Oh, Yunmi; Park, Sojin; Park, Esther; Lee, Jaehyun; Lee, Hukyoung; Kim, Jeongmee; Cho, Joongbum.
Afiliação
  • Oh Y; Department of Pharmaceutical Services, Samsung Medical Center, Sungkyunkwan University School of Medicine, Seoul, Republic of Korea.
  • Park S; Department of Pharmaceutical Services, Samsung Medical Center, Sungkyunkwan University School of Medicine, Seoul, Republic of Korea.
  • Park E; Department of Critical Care Medicine, Samsung Medical Center, Sungkyunkwan University School of Medicine, Seoul, Republic of Korea.
  • Lee J; Department of Pharmaceutical Services, Samsung Medical Center, Sungkyunkwan University School of Medicine, Seoul, Republic of Korea.
  • Lee H; Department of Pharmaceutical Services, Samsung Medical Center, Sungkyunkwan University School of Medicine, Seoul, Republic of Korea.
  • Kim J; Department of Pharmaceutical Services, Samsung Medical Center, Sungkyunkwan University School of Medicine, Seoul, Republic of Korea.
  • Cho J; Department of Critical Care Medicine, Samsung Medical Center, Sungkyunkwan University School of Medicine, Seoul, Republic of Korea.
Br J Clin Pharmacol ; 87(8): 3190-3196, 2021 08.
Article em En | MEDLINE | ID: mdl-33496976
AIMS: Because of limitations with the serum creatinine-based glomerular filtration rate (GFRcr), estimates of the serum cystatin C-based glomerular filtration rate (GFRcys) are getting attention to predict vancomycin clearance (CLvan). We evaluated the correlations between (i) CLvan and GFRcr, and (ii) CLvan and GFRcys in paediatric patients. METHODS: We evaluated a retrospective cohort of patients between 1 and 19 years old admitted to a tertiary hospital between 2017 and 2019. CLvan was estimated using measured vancomycin trough concentrations. We conducted Spearman's correlation analyses between CLvan and 1/creatinine, GFRcr, 1/cystatin C and GFRcys. Subgroup analyses were conducted for the young child, child, adolescent subgroups, intensive care unit patients and low body weight (<10th percentile) patients.

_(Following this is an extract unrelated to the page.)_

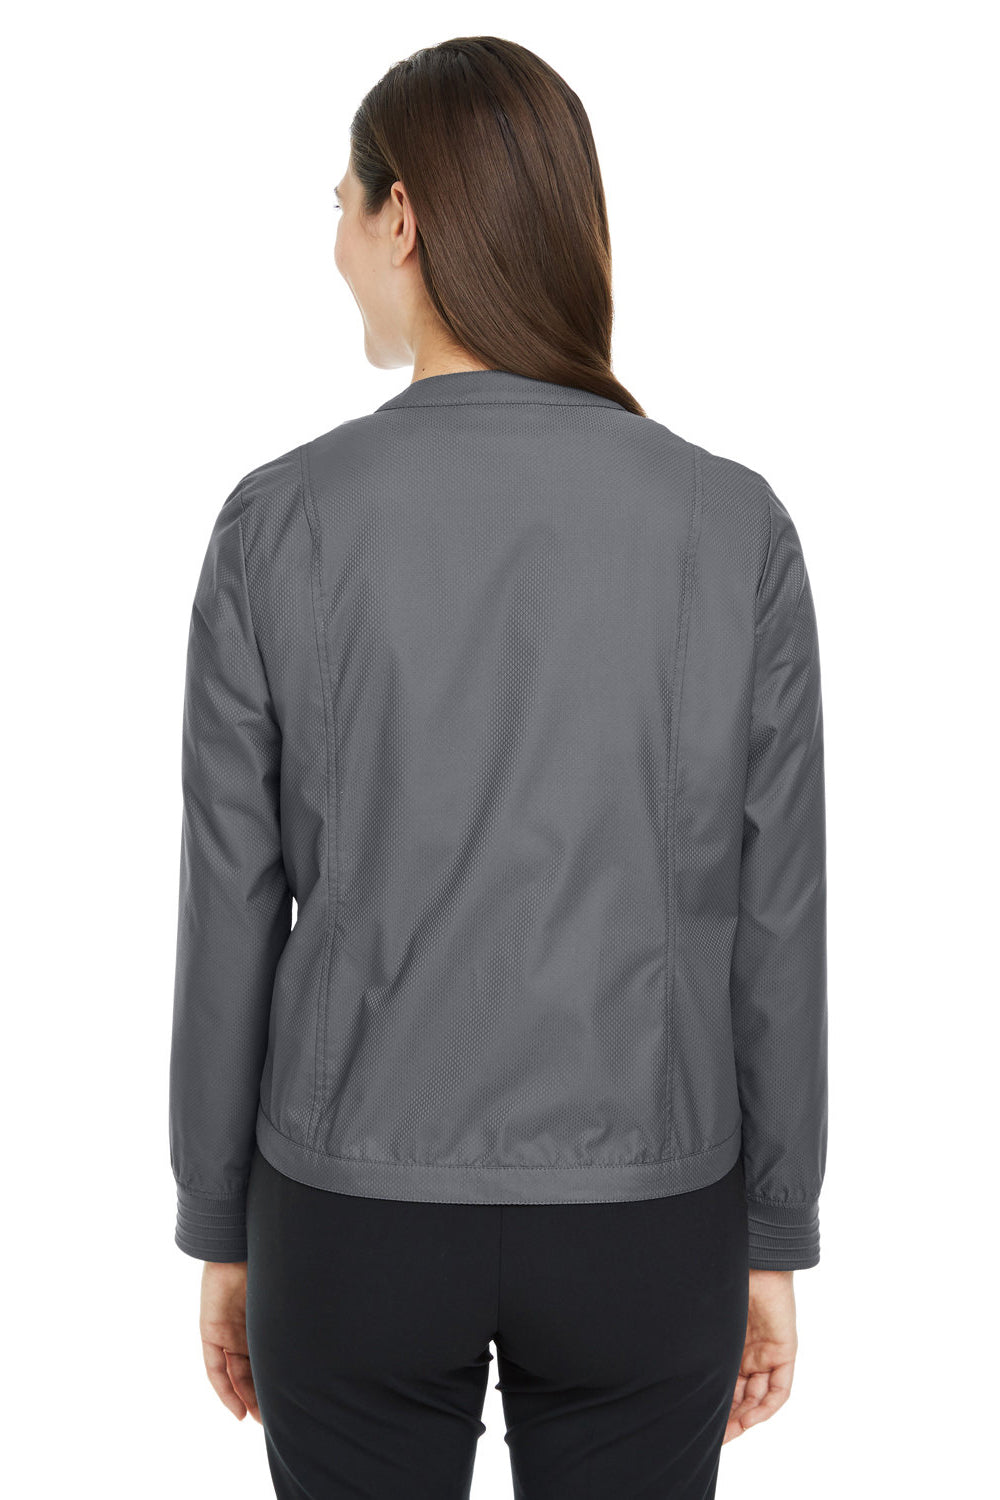 Devon & Jones DG700W Womens Vision Club Full Zip Jacket Graphite Grey Back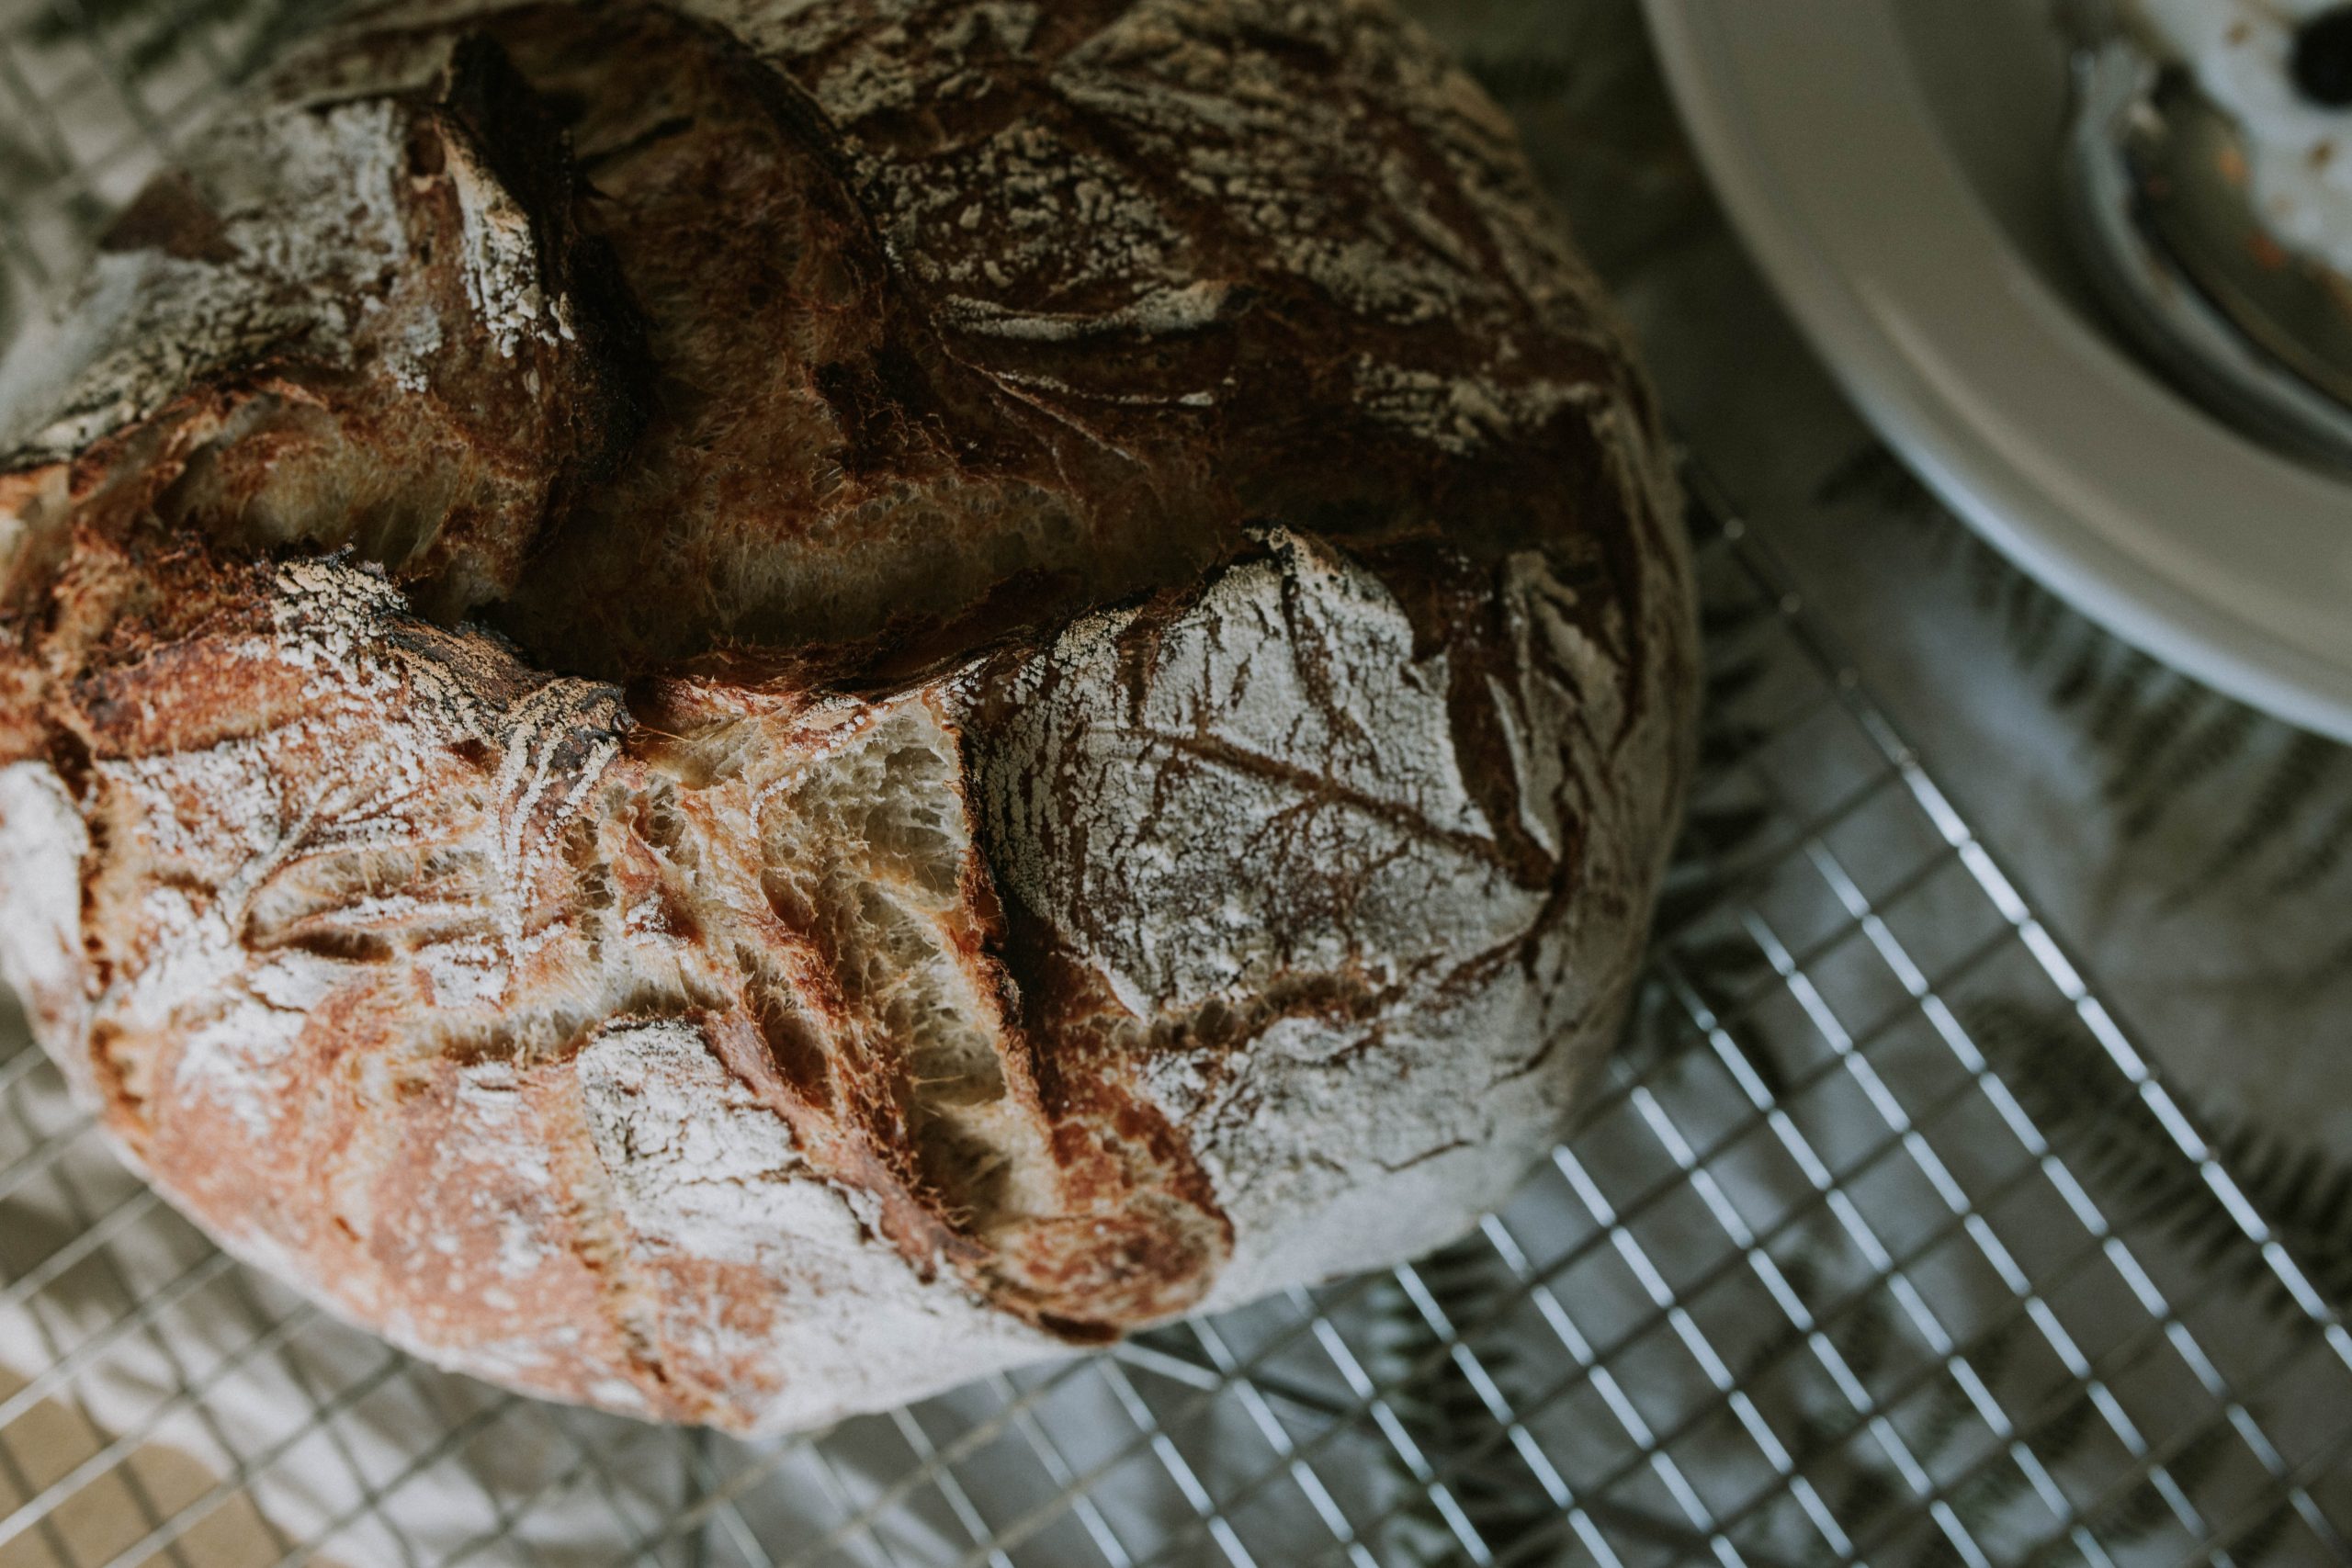 Sourdough Bread Recipes

RESULTS: We analysed 40 patients. GFRcys correlated with CLvan better than GFRcr did (ρ = 0.731, P < 0.001 vs ρ = 0.504, P = 0.001). In the subgroup analyses, the correlation between GFRcys and CLvan was stronger than that between GFRcr and CLvan (child subgroup ρ = 0.712, P = 0.002 vs ρ = 0.282, P = 0.289; intensive care unit patients ρ = 0.772, P < 0.001 vs ρ = 0.540, P = 0.004; low body weight patients ρ = 0.671, P < 0.001 vs ρ = 0.464, P = 0.022). CONCLUSIONS: Serum cystatin C-based GFR strongly correlates with vancomycin clearance, suggesting the possibility of better prediction models than creatinine-based GFR. Further prospective studies are required for the validation of the prediction model in a large paediatric population.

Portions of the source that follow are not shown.